TABLE 2. Linear mixed effects models that are better than their corresponding null models, with indication of random effects structure (random intercept) and model fit. See Supplementary Table S2 for the complete list and Supplementary Results S1 for model diagnostics. AIC, Akaike Information Criterion; ASPT, average score per taxon; ICC, intraclass correlation coefficient; RFP, rare family prevalence.

FIGURE 2
www.frontiersin.org

FIGURE 2. Predicted values of the fixed effects of the five significant linear mixed effects models. The fixed effects of the ASPT models show that the variance in both models is mostly contributed by the communities sampled further downstream of Dam II. ASPT, average score per taxon; RFP, rare family prevalence.

Discussion

The studied river system provided an opportunity to examine whether family-level biotic indices should be used to assess the ecological impacts of dams, particularly in a low-diversity river. We found low-diverse macroinvertebrate communities both upstream and downstream of the dams. Our analyses indicated general differences in the community compositions through space and time (Supplementary Figure S1), but upstream/downstream communities were found significantly different only for few selected indices (Table 2; Figure 2).

There are several potential causes for the low macroinvertebrate diversity in the Ruzizi River. Generally, factors contributing to low taxon richness can be low habitat diversity, unstable water levels, altered thermal regime, and altered food supply (Munn and Brusven, 1991). Moreover, macroinvertebrate assemblages below dams often have lower taxon richness and are typically dominated by certain species (Bona et al., 2008; Takao et al., 2008). In the specific case of the Ruzizi River, the hydrological and geographical setting of the dams is also relevant. The water predominantly comes from Lake Kivu, which is a species-poor lake because of its geological history and catastrophic volcanic events that affect also its current limnology (Jones, 2021). The lake’s environmental condition affects the Ruzizi River, especially at Dam I close to the outlet. We found that the habitat is disturbed and degraded by high water release and retention downstream of dams, leading to hydropeaking events (Tonolla et al., 2017; Muvundja et al., 2022). Sometimes water is retained upstream, dramatically altering the river’s habitat to the point of complete dry-up downstream. This kills many small organisms such as macroinvertebrates due to their low mobility (Bruder et al., 2016). Conversely, habitat alteration due to flooding is the proposed cause of low macroinvertebrate diversity in the Ruzizi River just upstream of the dams (Hyangya et al., 2014).

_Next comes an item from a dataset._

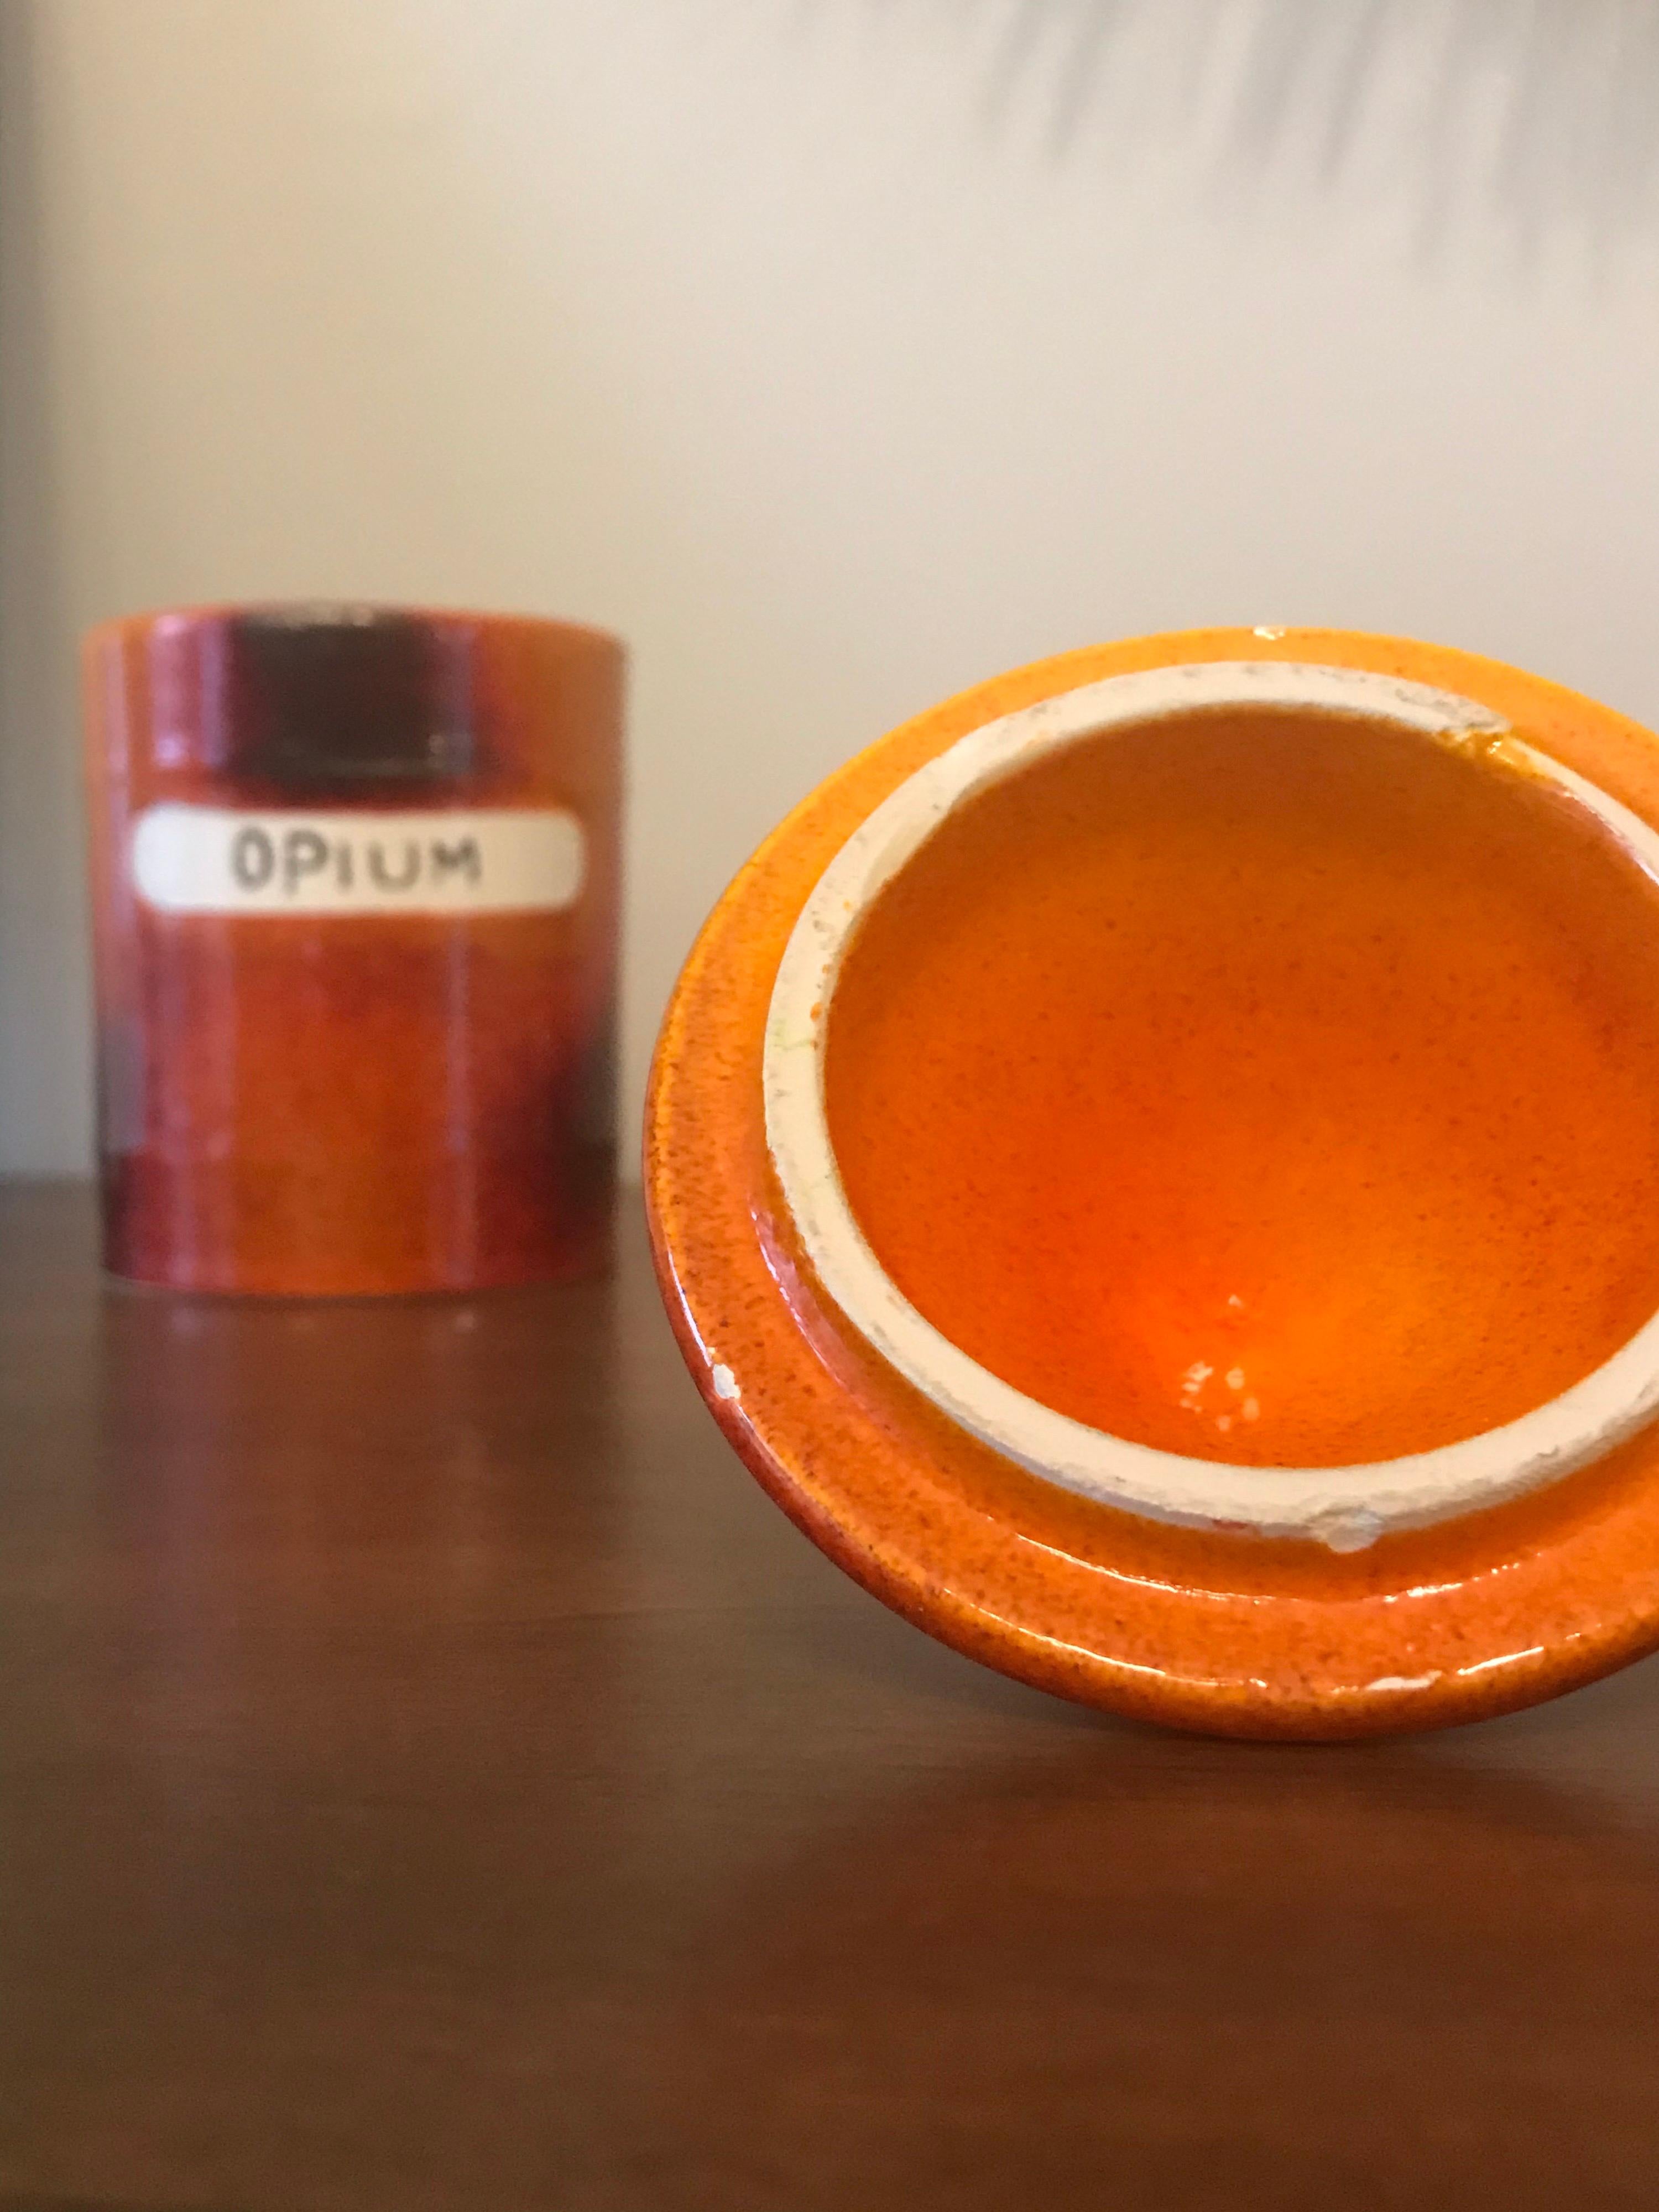 Ceramic Opium Dope/ Vice Jar by Alvino Bagni for Raymor

The slight difference in macroinvertebrate diversity between sites near dams I and II could be due to the proximity of Dam I to Lake Kivu, which carries the same saline water and therefore has lower diversity than communities around Dam II, whose water is diluted by tributaries (Muvundja et al., 2022). The age difference in their existence could be another factor contributing to the lower diversity at Dam I compared to Dam II, which was constructed 30 years later. For the benthic macroinvertebrates, the impacts may be more noticeable in the short and medium-term due to their reduced capacity for movement and their affinity for the bottom substrates that constitute their living environment (Bhandari et al., 2018; Min and kong, 2020). Our result, however, is consistent with a study that showed that dams of different ages can affect downstream organisms differently, with older dams having a greater impact than those recently built along the same river (Wang et al., 2020).

Additionally to richness differences, we found differences in the community compositions. This especially concerns the relative abundance of sensitive and tolerant taxa. In general, at the sites near Dam I and Dam II, between December 2015 and October 2017, we observed an increase of families with low TARISS scores (representing species that tolerate pollution and disturbance), particularly Mollusca, Diptera (strongly represented by Chironomidae), and Heteroptera (compare Kaaya et al., 2015), while species that are highly sensitive to pollution (such as Trichoptera, Ephemeroptera, and Plecoptera; Kaaya et al., 2015) were rare both upstream and downstream of the dams. We observed considerable variation in flow rate and water level over the studied time interval. Such hydropeaking and drying events usually cause changes in macroinvertebrate communities and decrease the number of sensitive taxa in impacted areas (Wang et al., 2013).

Another factor causing the rarity of highly sensitive taxa could be river bank disturbance and domestic pollution observed upstream and downstream of the dams. Macroinvertebrates are known to be differentially sensitive to water quality degradation (Bonada et al., 2006; Arimoro and Muller, 2010; Fouche and Vlok, 2010). Their presence is therefore considered an indicator of the state of water quality and aquatic health of the environment in which they live. The disturbance and domestic utilization of water at the shores of sites of Dam II were minimal compared to the sites of Dam I. Dam II sites contained more taxa moderately sensitive to pollution and disturbance. Taxa tolerant or moderately tolerant to disturbance dominated at sites further downstream in Kamanyola on the Rwanda-Congo border. The low abundance of sensitive taxa at this site, which is not directly impacted by dams and related flow fluctuations, may have been caused by further anthropogenic activities (such as swimming, washing), agriculture, nearby irrigation, and pollution of the on-site bank. In contrast, the Ngomo site is isolated, and we witnessed little anthropogenic activities and no disturbance, making it a suitable habitat for taxa that do not tolerate pollution.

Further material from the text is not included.